STK++ 0.9.13
Description of the STKernel projects: The Kernel tools.

The STKernel project is the low-level core library that forms the basis of the STK++ library.

This tutorial intent to give some help to the Developers who want to use the STK++ fundamental types and i-o facilities provided by the library.

In statistics, missing data, or missing values, occur when no data value is stored for the variable in the current observation. Missing data are a common occurrence and can have a significant effect on the conclusions that can be drawn from the data. Mixed Data is data from any number of sources, largely unknown and unlimited, and in many varying formats. In essence, it is a way to refer to data that id of an unknown format and/or content.

From a computational point of view, the programmer have to take care of these two aspects. It is desirable to

  • have some internal representation of the missing data,
  • to be able to read/write missing values in a transparent way,
  • to identify dynamically the type of data the program handles.

Theses goals have been achieved in STK++ by

  • extending the numeric_limits struct with specific static methods,
  • designing a Runtime Type Identification (RTTI) mechanism for handling heterogeneous data.
See also
Arithmetic properties., IdTypeImpl

Additionally, the STKernel project provides typedef of the std::basic_* streams in the STK namespace domain for the predefined Char type which can be either a char or a wchar. Thus a programmer can write

std::basic_ifstream< Char > ifstream
ifstream for Char
Definition STK_Stream.h:71

and compile the library using the flag -DSTK_UNICODE, without taking care all along the code if he has to use ifstream or wifstream.
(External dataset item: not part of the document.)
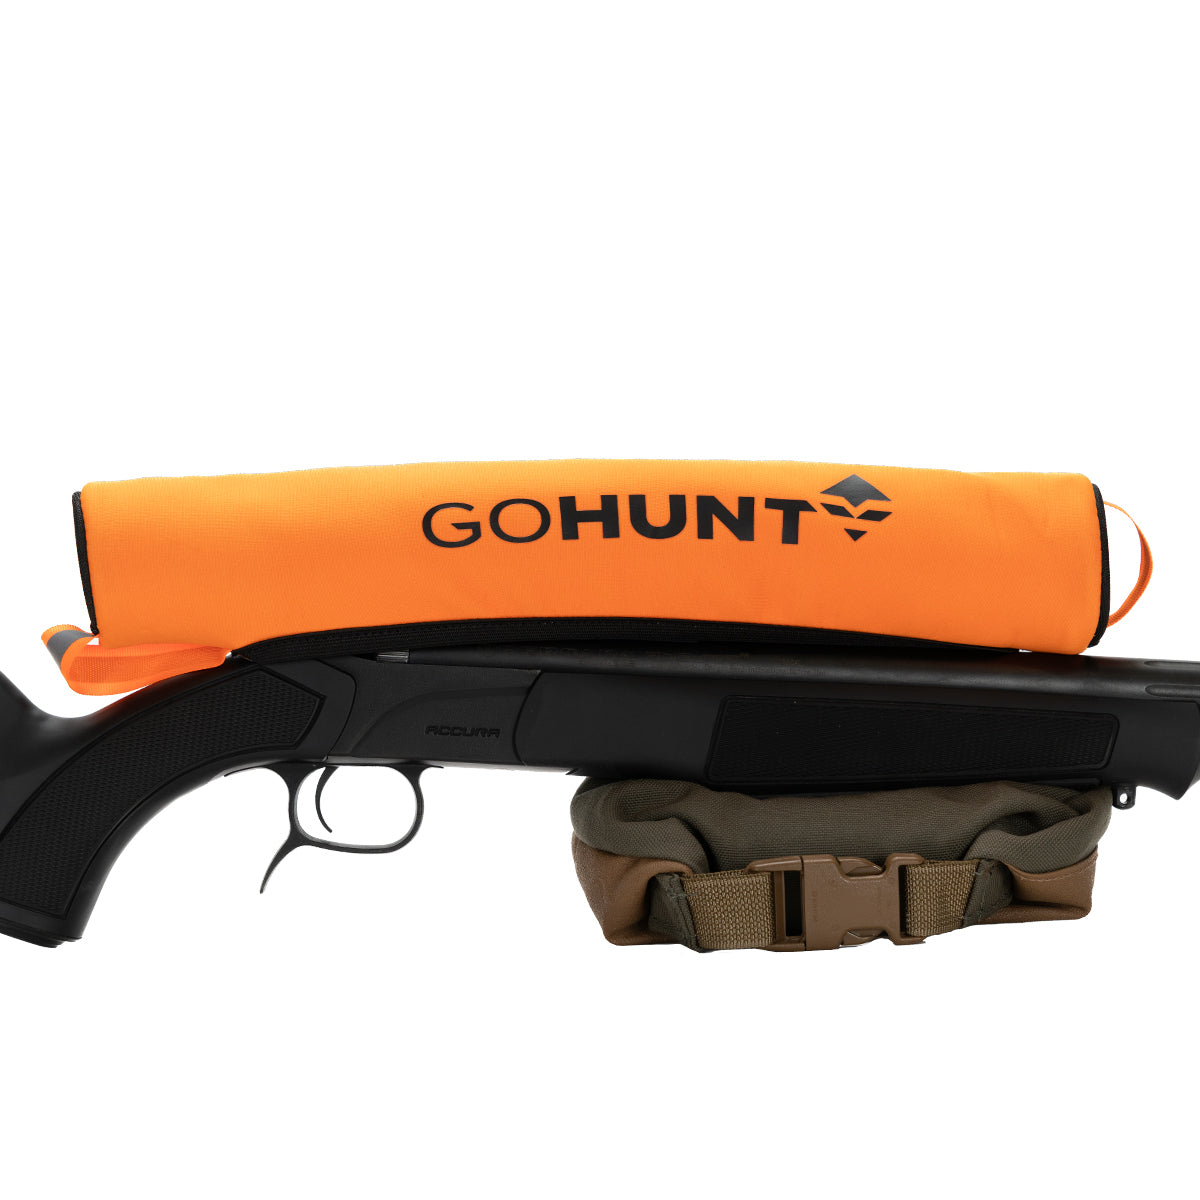 GOHUNT Riflescope Cover in Medium / Blaze Orange by GOHUNT | GOHUNT - GOHUNT Shop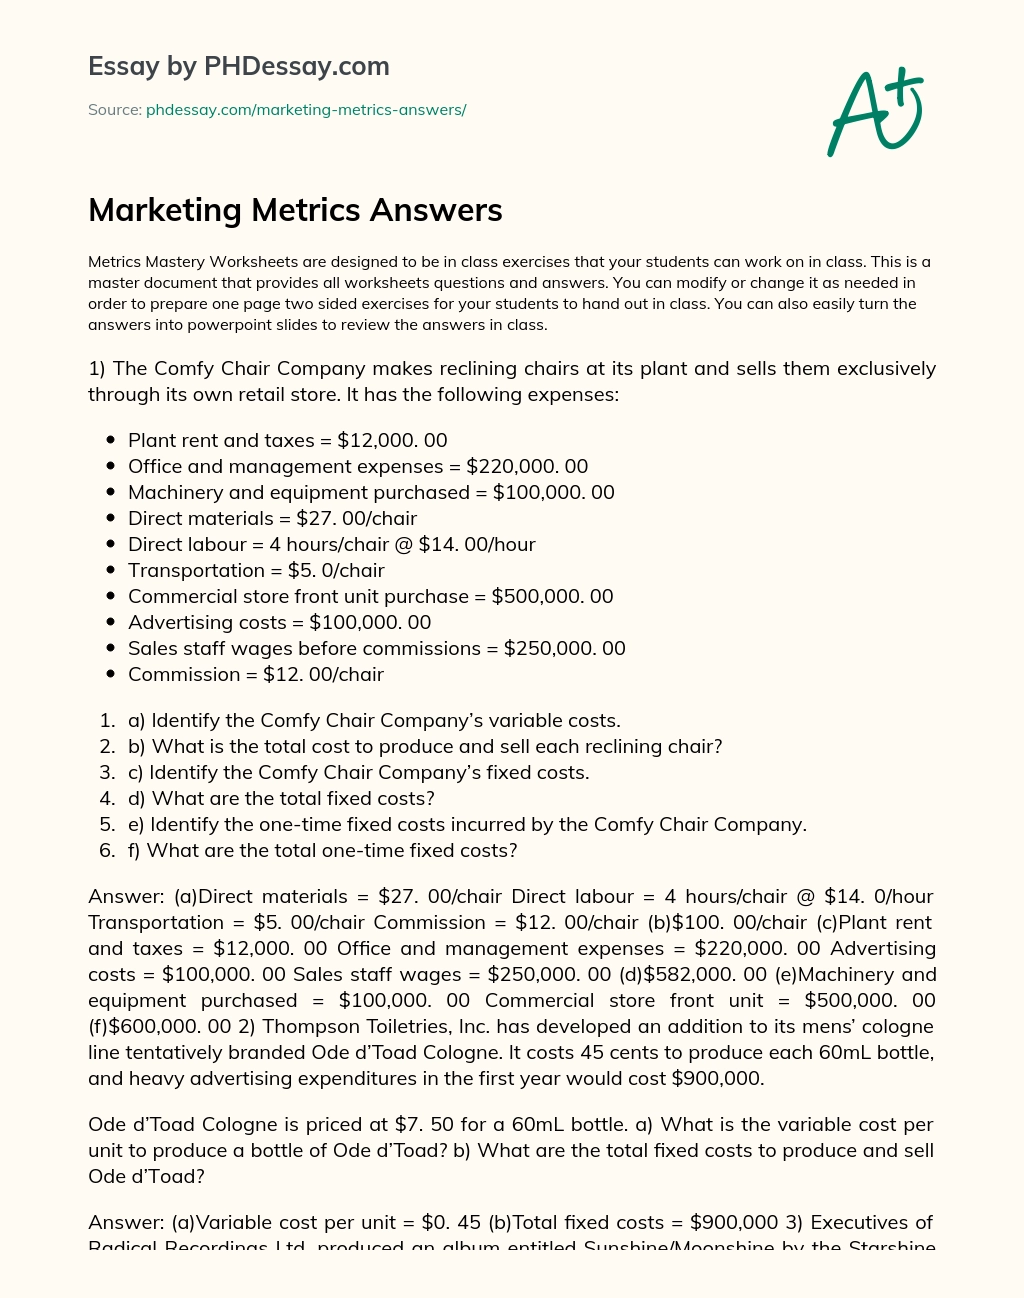 Marketing Metrics Answers essay

Handling the missing values

Since version 0.5.3 of STK++ there exists 6 kinds of fundamental types: String, Real, Integer, Binary, Sign and Range. All these types are self-explaining except maybe Range which represents a range of integer in the form [first:end).

If we take the example of the Real type, we have

typedef double Real;

which can be replaced by float if the user need single precision rather that double precision.

If now we take the example of the Binary type, we have

enum Binary
{ zero_ =0,
one_ =1,
binaryNA_= __MAX_INT__
};

and it is important to note that any integer type represents missing values with the MAX_INT macro.

The piece of code

istringstream in(stringNa);
Real x;
in >> Proxy<Real>(x);
Binary b = STK::Arithmetic<Binary>::NA(); // b is a Binary missing value
stk_cout << _T("x =") << Proxy<Real>(x) << _T("\n");
stk_cout << _T("b =") << Proxy<Binary>(b) << _T("\n");
#define stk_cout
Standard stk output stream.
#define _T(x)
Let x unmodified.
static Type NA()
Adding a Non Available (NA) special number.

will produce the following output

  x =.
  b =.

The missing values are displayed using the dot (".") symbol. This is a global behavior that can be modified at runtime by using the global method setStringNa. For example using:

setStringNa(_T("NA"));

all the input and output operation will be altered and NA value will be read/write using NA.

Note
In order to produce the correct output it is necessary to use the Proxy class.
The use of the Proxy class does not produce more computation, nor object creation, in optimized mode.

Arithmetic properties

The Arithmetic struct inherit from all the static functions of the std::numeric_limits struct and add static functions for handling the NA values of all STK++ type in a transparent way. For example for Real, it is specialized in the following way:

template<>
struct Arithmetic<Real>: public std::numeric_limits<Real>
{
static const bool has_quiet_NaN = false;
static Real NA() throw() { return std::numeric_limits<Real>::quiet_NaN();}
static const bool hasNA = true;
static bool isNA(Real const& x) throw() { return !(x==x);}
static bool isInfinite(Real const& x) throw()
{ return ( (x < -std::numeric_limits<Real>::max())
||(x > std::numeric_limits<Real>::max())
);
}
static bool isFinite(Real const& x) throw() { return (!isNA(x) && !isInfinite(x));}
};
bool isFinite(Type const &x)
utility method allowing to know if a value is a finite value
bool isNA(Type const &x)
utility method allowing to know if a value is a NA (Not Available) value
bool isInfinite(Type const &x)
utility method allowing to know if a value is an infinite value

so that the piece of code

Real x = STK::Arithmetic<Real>::NA(); // x is a real missing value
stk_cout << _T("x =") << typeToString(x) << _T("\n");
stk_cout << _T("isNa(x) =") << Arithmetic<Real>::isNa(x) << _T("\n");

will produce the following output

  x =.
  isNa(x) =1
Note
it is rather more intuitive to use the template function typeToString than the Proxy class for output.
See also
stringToType for the reverse mechanism.

Run Time Type Identification

All fundamental STK++ types are defined by its IdType. Knowing the type of an object, it is possible to get its Id using the piece of code

IdTypeImpl<Type>::returnType()

The value returned is an IdType.

Knowing the Id of an object, it is possible to tune the code of your application. This RTTI mechanism is mainly used in STK++ in the Variable and DataFrame classes.